Former member of Parliament Gajendrakumar Ponnambalam lists a string of recent assaults and threats against a student leader, two protest organizers, a priest, and the relatives of a dead prisoner.
“The fear,” remarks one journalist careful not to report anything that could seem too critical of government policies, “is you will be abducted in a white van.”
Human rights groups report that between October 2011 and March 2012, 56 people — mostly Tami l— were abducted by security forces. Some abductees’ bodies have surfaced. And according to local newspapers, two Tamil inmates accused of being LTTE were beaten to death by police in June.
A Tamil MP, N. Sivasakthy Ananthan, is collecting names of people still missing from military arrests at the end of the war. His survey amassed 400 names just in July; the final tally could be thousands.
Adhi (not her real name) has a husband on that list. In 2009, the Army arrested him at a military checkpoint. Earlier this year, police asked Adhi to sign his death certificate, although they admitted the Army might still have him — alive. Wiping tears from her eyes, Adhi says she craves information. “I can’t even tell my son if he still has a father.”

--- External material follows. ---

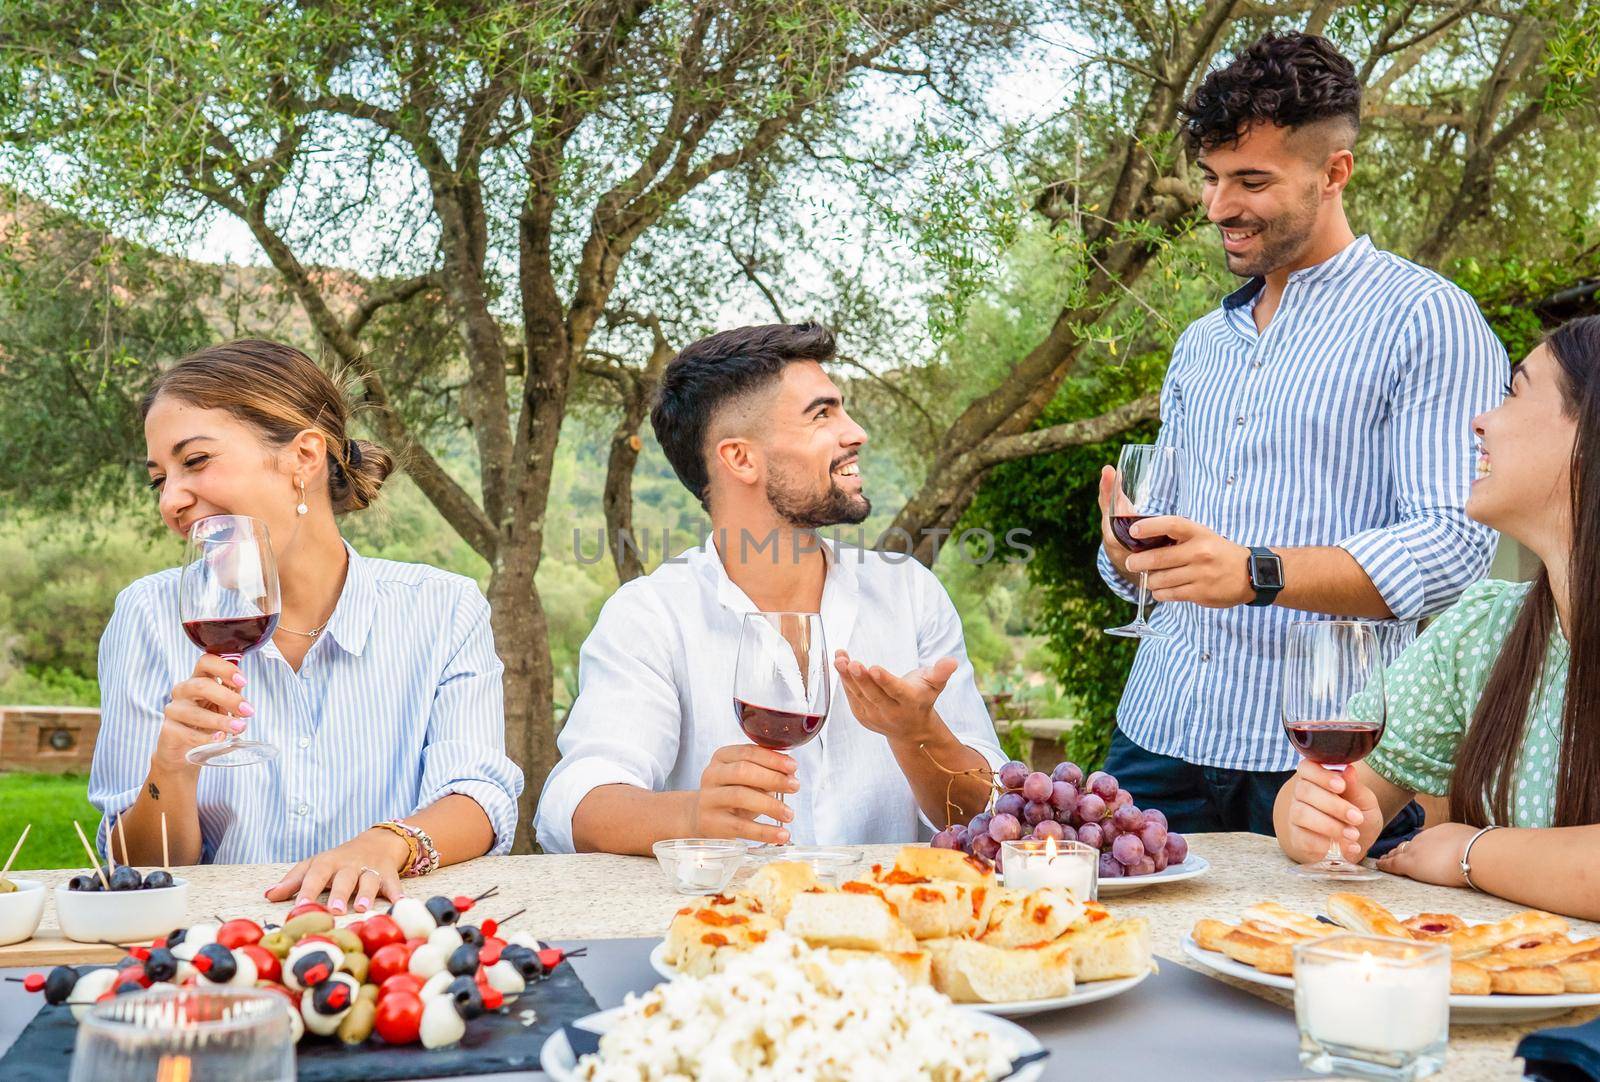 Typical italian celebration for grape harvest in country size house. Group of young friends gathering at table laden with snacks, pizza, tomatoes and mozzarella skewers holding glasses of red wine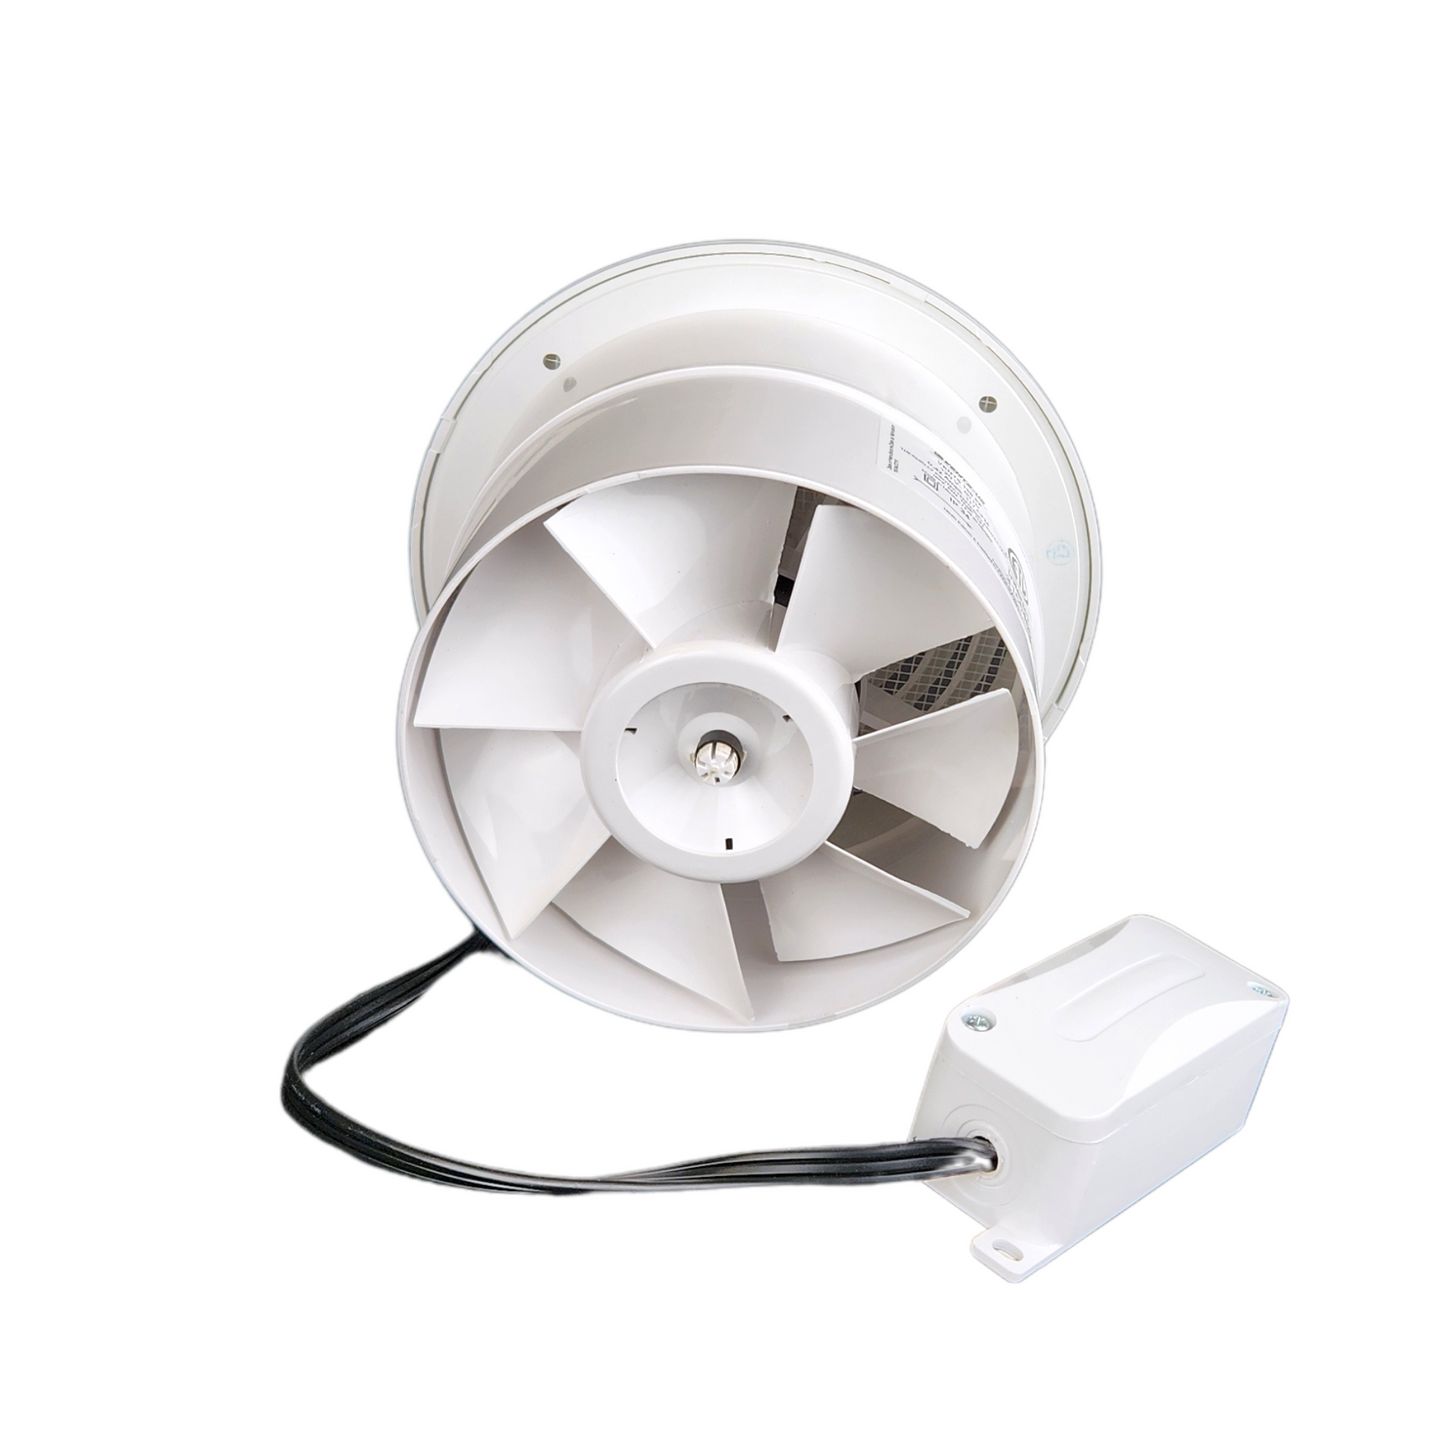 Vents PF 150 Round Axial Wall Fan

In response to this host of allegations, the military’s spokesperson Brigadier Ruwan Wanigasooriya maintains that “these are all fabricated stories. Because of the remnants of separatism, they want to spit out stories and tarnish the image of the country.”
And most civilians simply express relief the separatist war has ended. The LTTE were no saints. And some say that the Army is making good efforts to reform.
“The LTTE started abducting children on their way to school,” says one Tamil Kilinochchi resident who lived through the Tigers’ reign. “The soldiers solved the problem. Some are even learning Tamil.”
The Army is also active in demining and helps to rebuild roads and bridges.
‘A lot of explaining to do’
But the military still controls some private land, ruffling feathers.
Fishermen complain about hundreds of Sinhalese-owned fishing trawlers the Army has permitted from the south. The Army also promotes Sinhala nationalism; Sinhalese tourists traveling north to view old battlegrounds are welcomed with a colossal victory statue, not to mention dozens of Army-erected Sinhalese Buddhist statues lining the roads. Most Tamils are Hindu or Christian. “People resent that,” says Bishop Emmanuel Thomas Saundrayanagam.
While Mr. Wanigasooriya, the military spokesperson, insists “the separatist threat is still there,” many disagree, at least for now.
“Right now the population is defeated both in numbers and in energy,” says a local academic who studies Sri Lanka’s post-conflict politics, and says he is also worried about his safety. “But the oppression and tactics used by the government remind people of the environment that led to war. Unless the situation is carefully managed, that feeling is going to rise.”
Two weeks ago, in response to a March 2012 United Nations Human Rights Council resolution and a November 2011 report issued by the Lessons Learned and Reconciliation Commission, the government released a national action plan for reconciliation, resettlement, and the investigation of war atrocities.
If the plan is followed, the Army has explaining to do. During the last stages of the war, it bombed schools and hospitals, and photos have appeared of soldiers executing bound prisoners and stripping dead female bodies.
Implementing the action plan could be a start to gaining the population’s trust. “But at the moment, I don’t see any sharp break with the past in terms of a change of attitude,” says Jehan Perera, the director of the National Peace Council.